Еще ранее, при чтении греческих правил, Никон заявил, что «те правила не апостольские, и не вселенских соборов, и не поместных соборов, и он, Никон, тех правил не приемлет и не слушает». «Те правила приняла святая апостольская церковь», — стал уверять никонианин своего учителя, но Никон огорошил его заявлением, которое мог бы сделать Аввакум: «Тех правил в русской Кормчей книге нет, а греческие правила не прямые, те правила патриархи от себя учинили, а не из правил. После вселенских соборов — все враки, а печатали те правила еретики!» Можно было бы подумать, что это сказано в запальчивости, но и в другой раз Никон буквально повторил свое отрицание благочестивости греческой книжности, причем теми же словами, которыми пользовались староверы{44}.

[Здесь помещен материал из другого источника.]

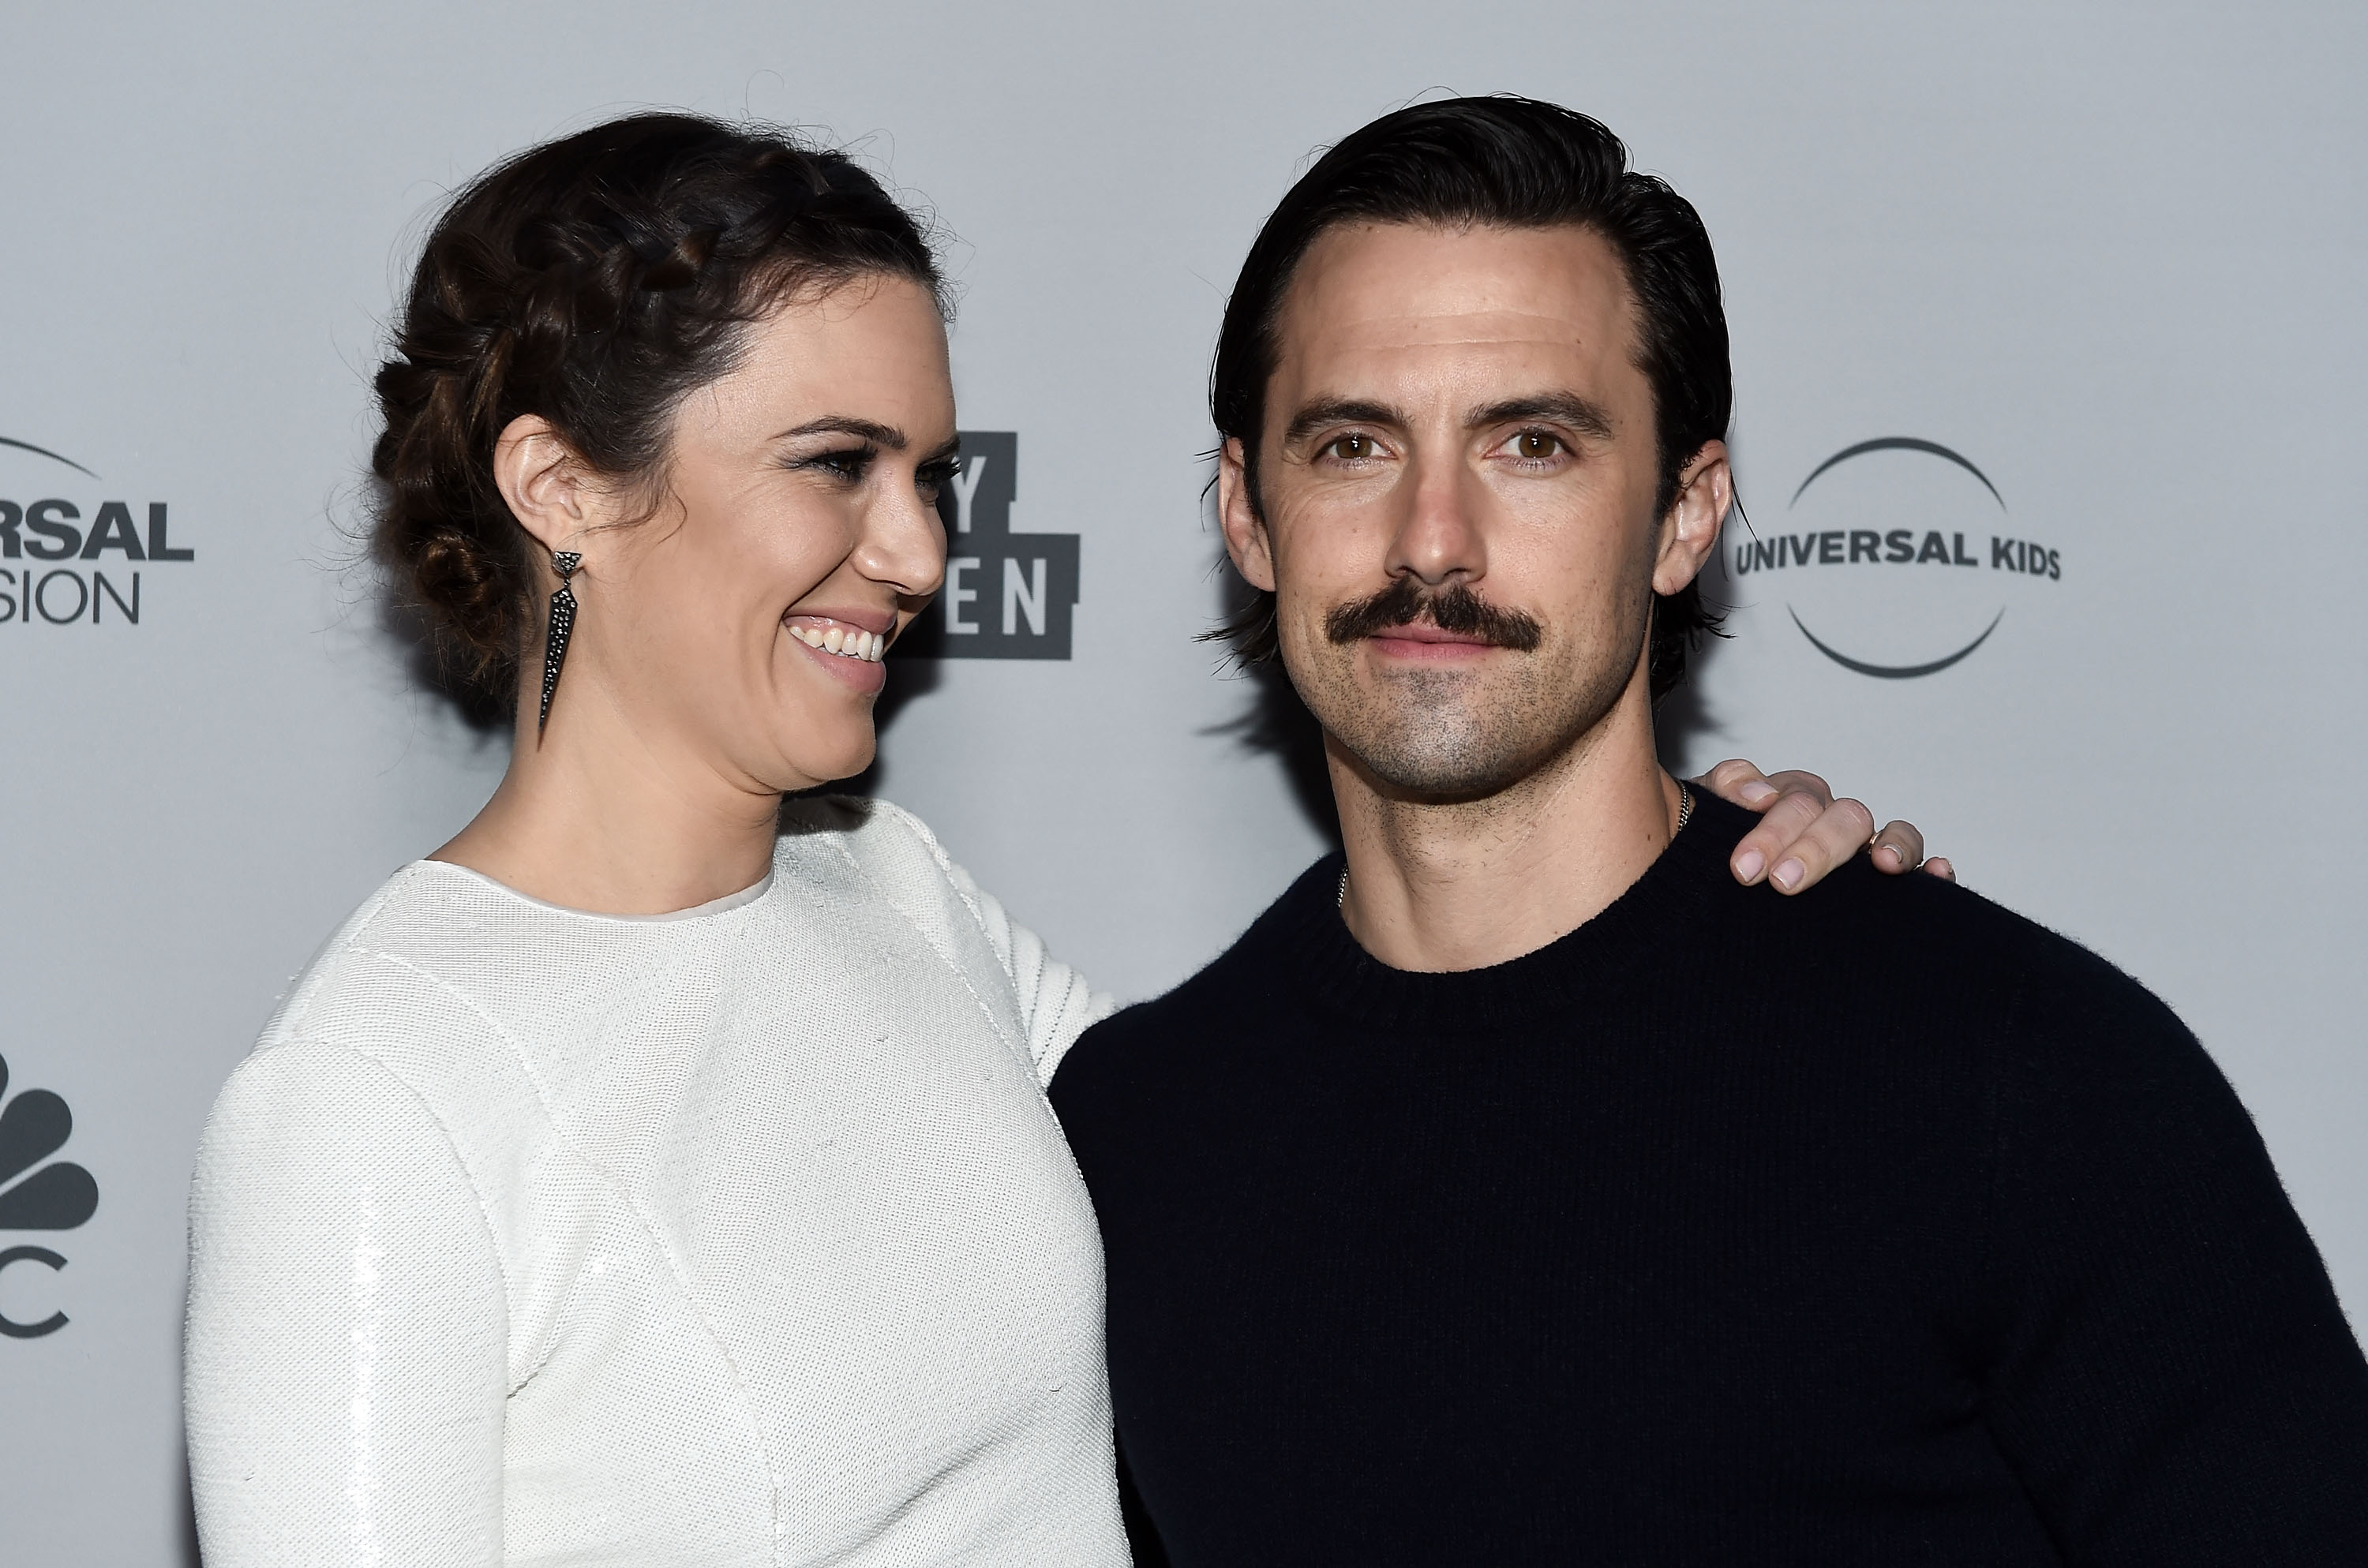 Mandy Moore and Milo Ventimiglia pose for pictures together. Moore wears a white dress. Venitmiglia wears a black shirt.

Со своей стороны Аввакум, столь яростно проклинавший и столь ярко живописавший зверства никониан, не раз показывал в своих сочинениях, как вел бы себя, окажись лидер староверов на месте Никона-мучителя. Так, он с нескрываемым восторгом пишет о библейском Мелхиседеке, коий «моляшеся господу Богу небесному с воплем крепким, да пожрет земля отца его, и матерь, и брата, и всех… Бог же с небесе услышав его молитву, повеле расступиться земле и пожре их, и грады, и царство все. Оста един Мелхиседек», и этого Мелхиседека Аввакум уподобляет Христу! Не правда ли, это плохо сочетается с новозаветной проповедью Аввакума: «Еже есть хощеши помилован быти — сам такожде милуй; хощеши почтен быти — почитай; хощеши ясти — иных корми; хощеши взяти — иному давай» и т.п.?

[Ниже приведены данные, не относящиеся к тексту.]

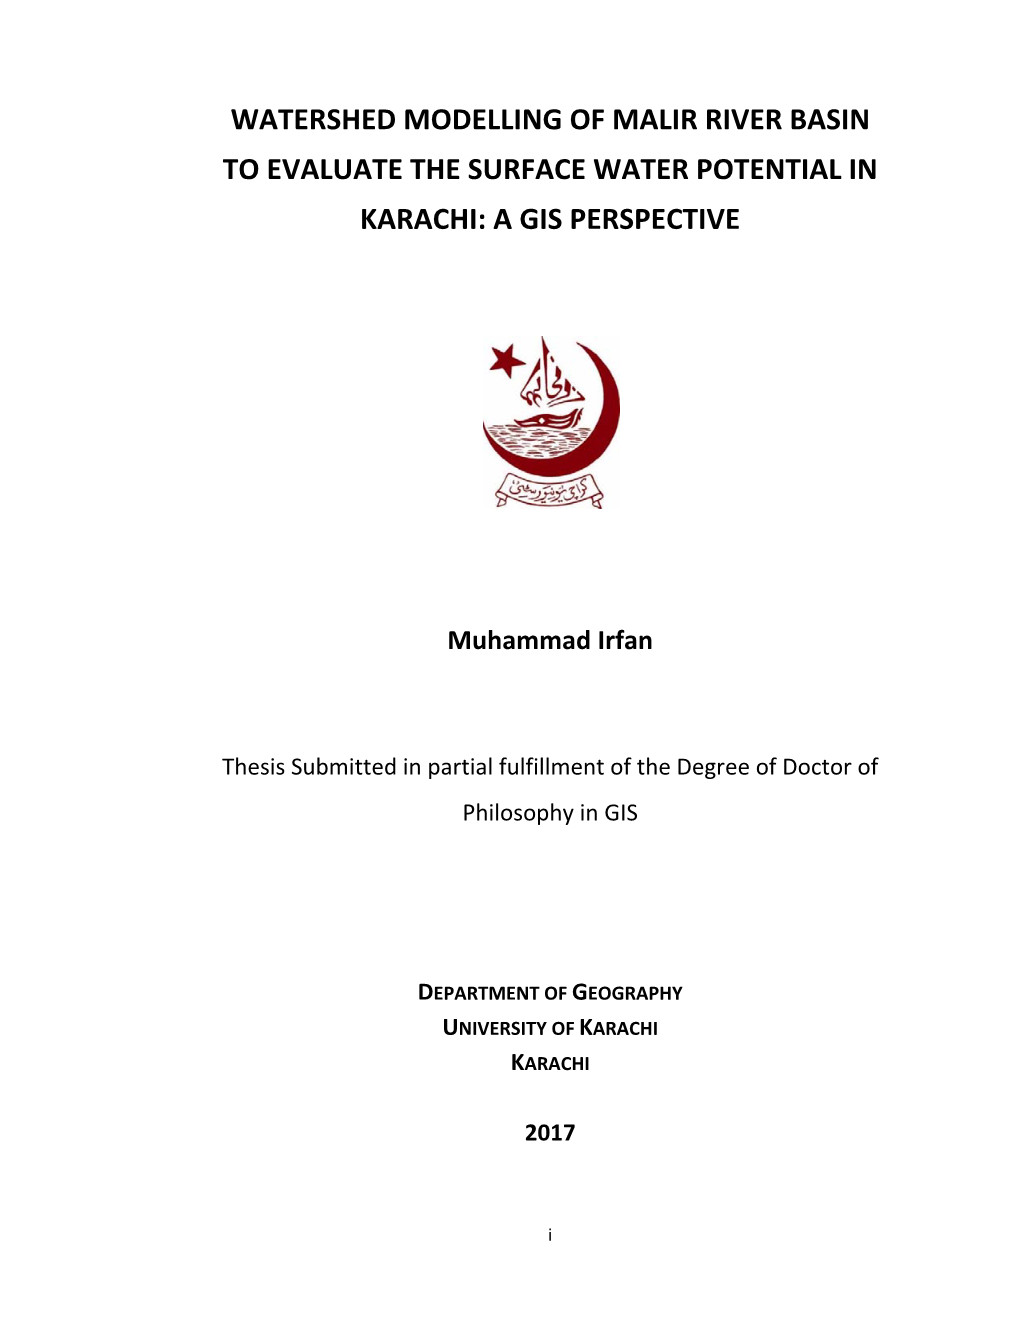 Watershed Modelling of Malir River Basin to Evaluate the Surface Water Potential in Karachi: a Gis Perspective

Впрочем, призыв любви к ближнему «огнепальный» протопоп временами откровенно толкует в духе патриарха Филарета: «Рассуждай глагол Христов: своего врага люби, а не Божия, сиречь еретика и наветника душевного уклоняйся и ненавиди… С еретиком какой мир? Бранися с ним и до смерти…» Некоторые тексты Нового Завета Аввакум, похоже, просто не принимал. Он передает, например, притчу из Евангелия от Луки о нищем Лазаре, попавшем в рай, и богаче, угодившем в ад. Молитва богача к Аврааму была отвергнута праотцем, но Аввакума не устроила беззлобная форма отказа. «Каков сам был милостив?! — пишет он, обращаясь к мучающемуся богачу. — Вот твоему празднеству отдание! Любил вино и мед пить, и жареные лебеди, и гуси, и рафленые куры: вот тебе в то место жару в горло, губитель души своей окаянной! Я не Авраам — не стану (тебя) чадом звать: собака ты! За что Христа не слушал, нищих не миловал? Полнотко милостивая душа Авраам-от миленькой — чадом зовет, да разговаривает, бутто с добрым человеком. Плюнул бы ему в рожу ту и в брюхо то толстое пнул бы ногою!»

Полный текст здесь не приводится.